*What is needed*. Take the lines from the one containing "African american woman" through the end of the material and write them out exactly, omitting pictures.

*Information shown*.
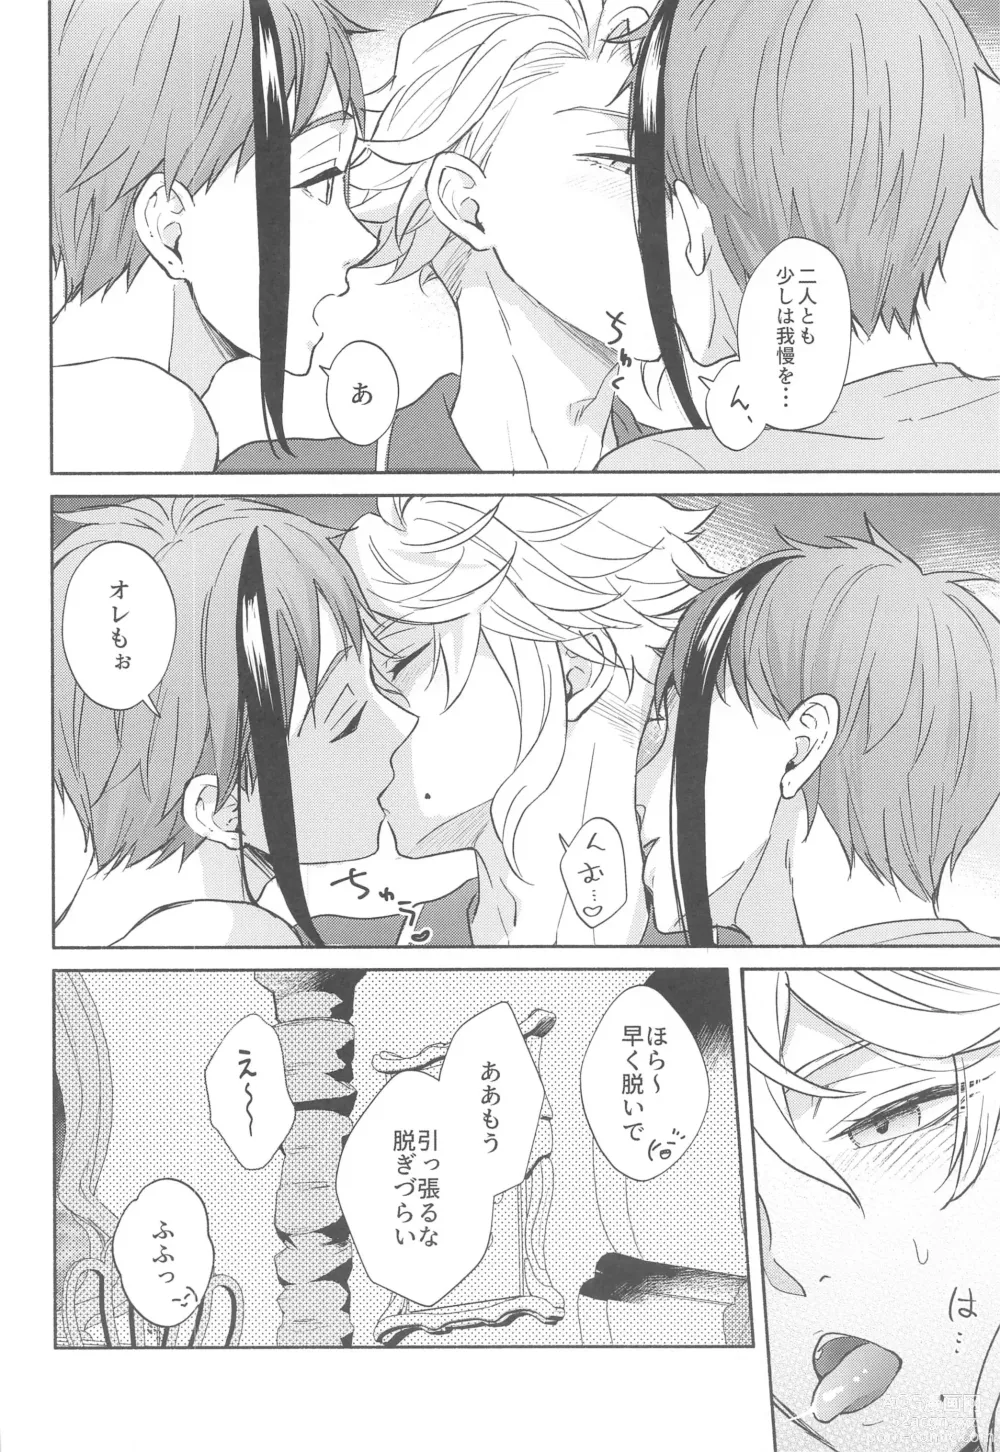 Page 7 of doujinshi More, more, and more
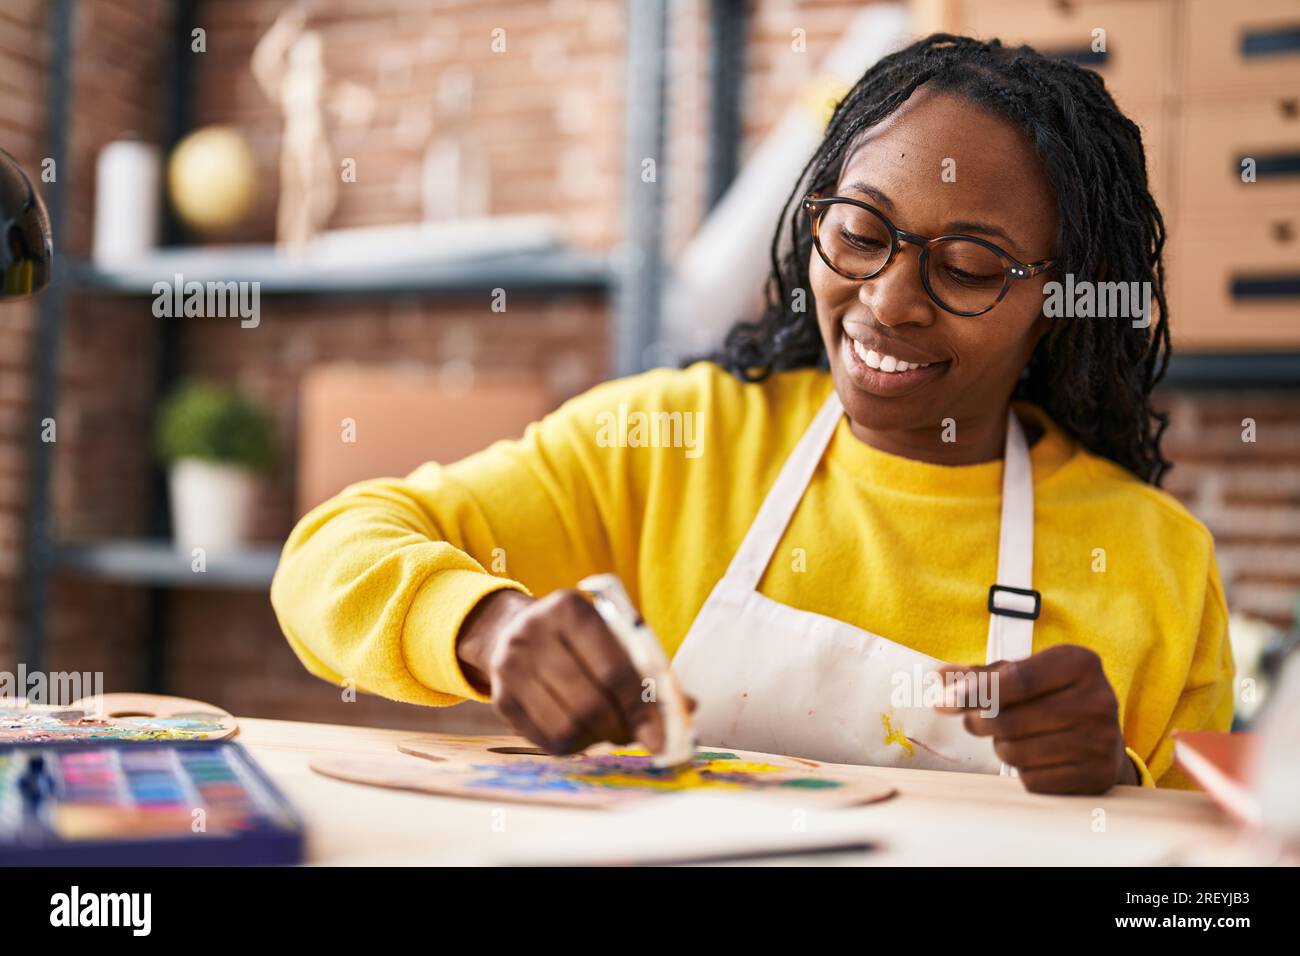 African american woman artist smiling confident mixing color at art studio Stock Photo
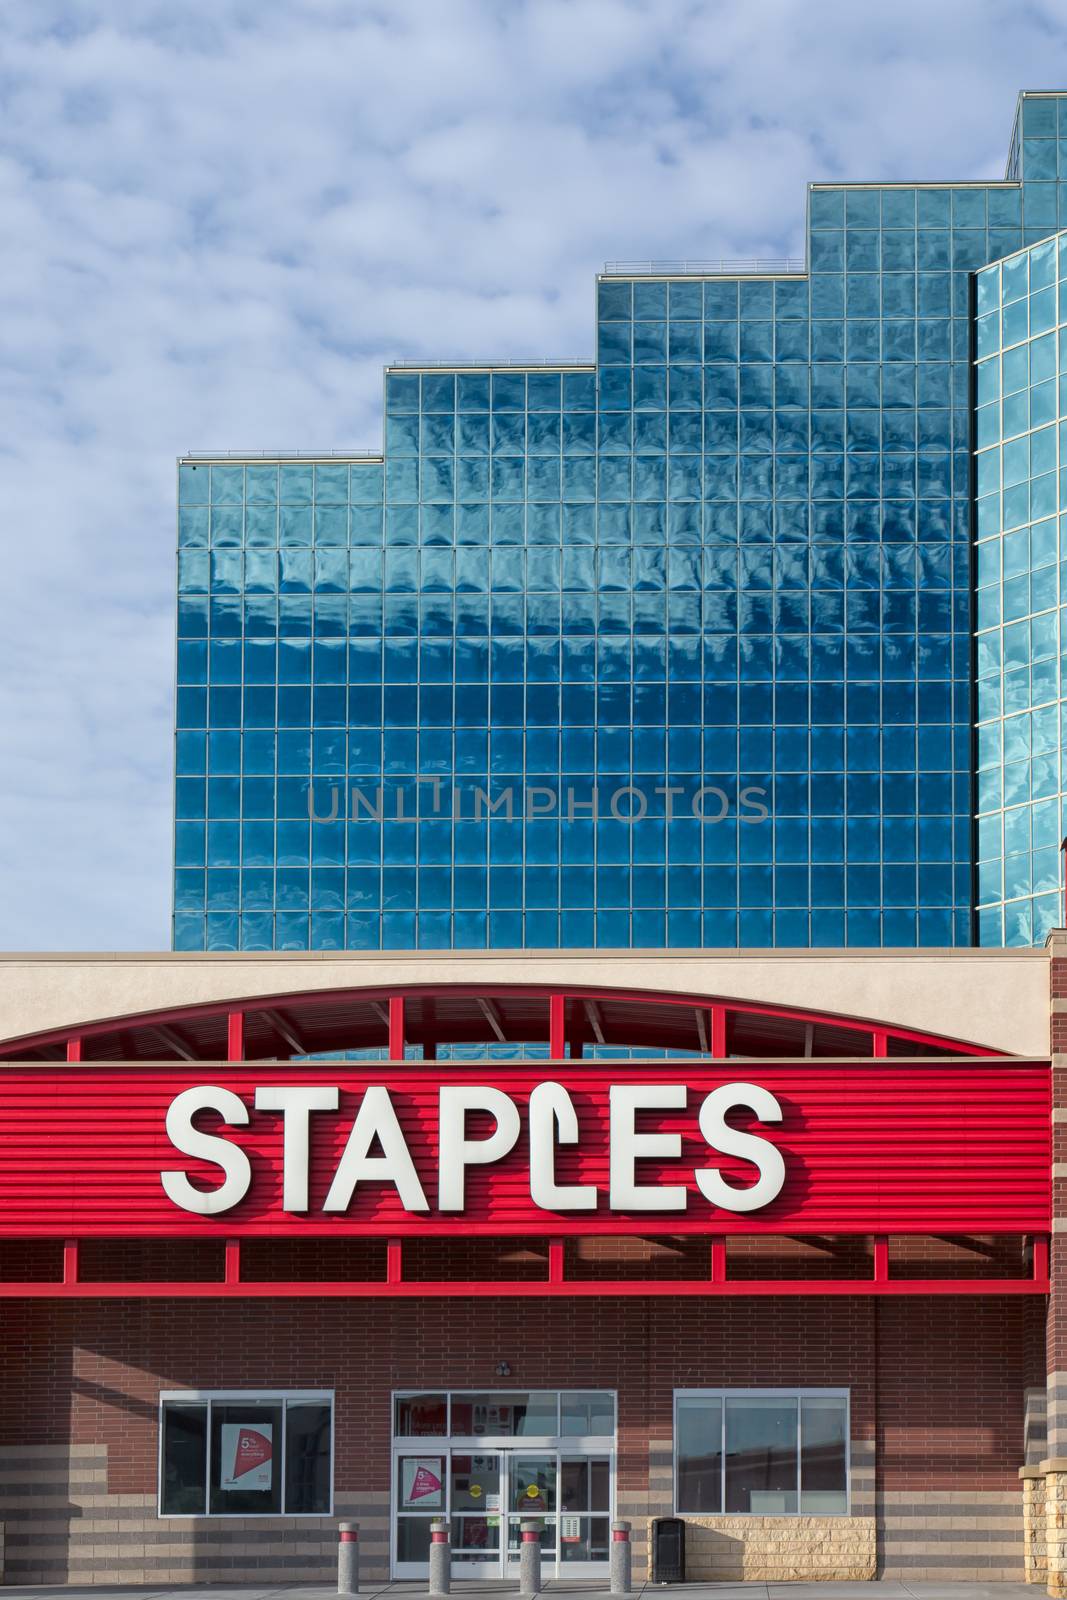 Staples Office Supply Store by wolterk
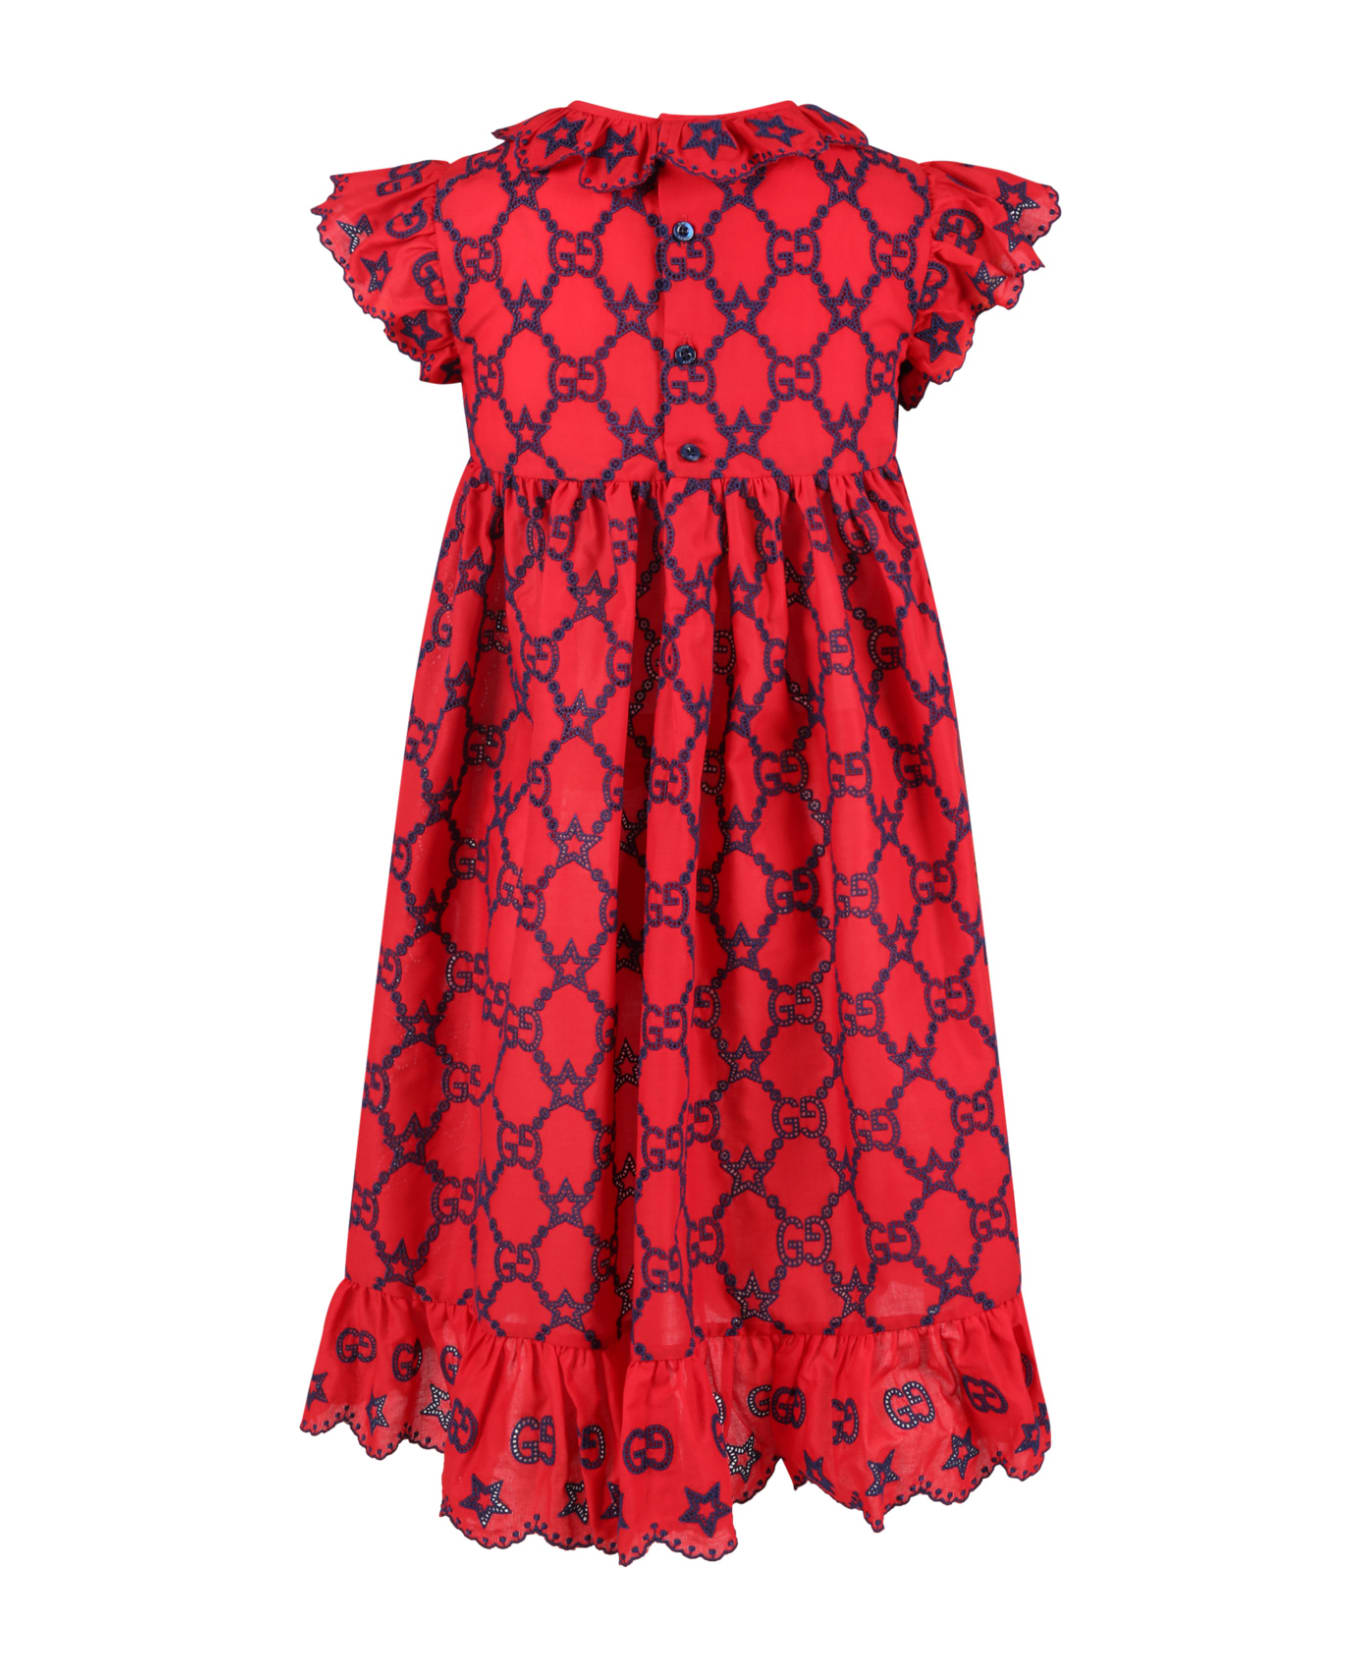 Gucci Red Dress For Girl With Stars - Red Navy

*Finished task*.
 African american woman artist smiling confident mixing color at art studio Stock Photo
 Staples Office Supply Store by wolterk
 Gucci Red Dress For Girl With Stars - Red Navy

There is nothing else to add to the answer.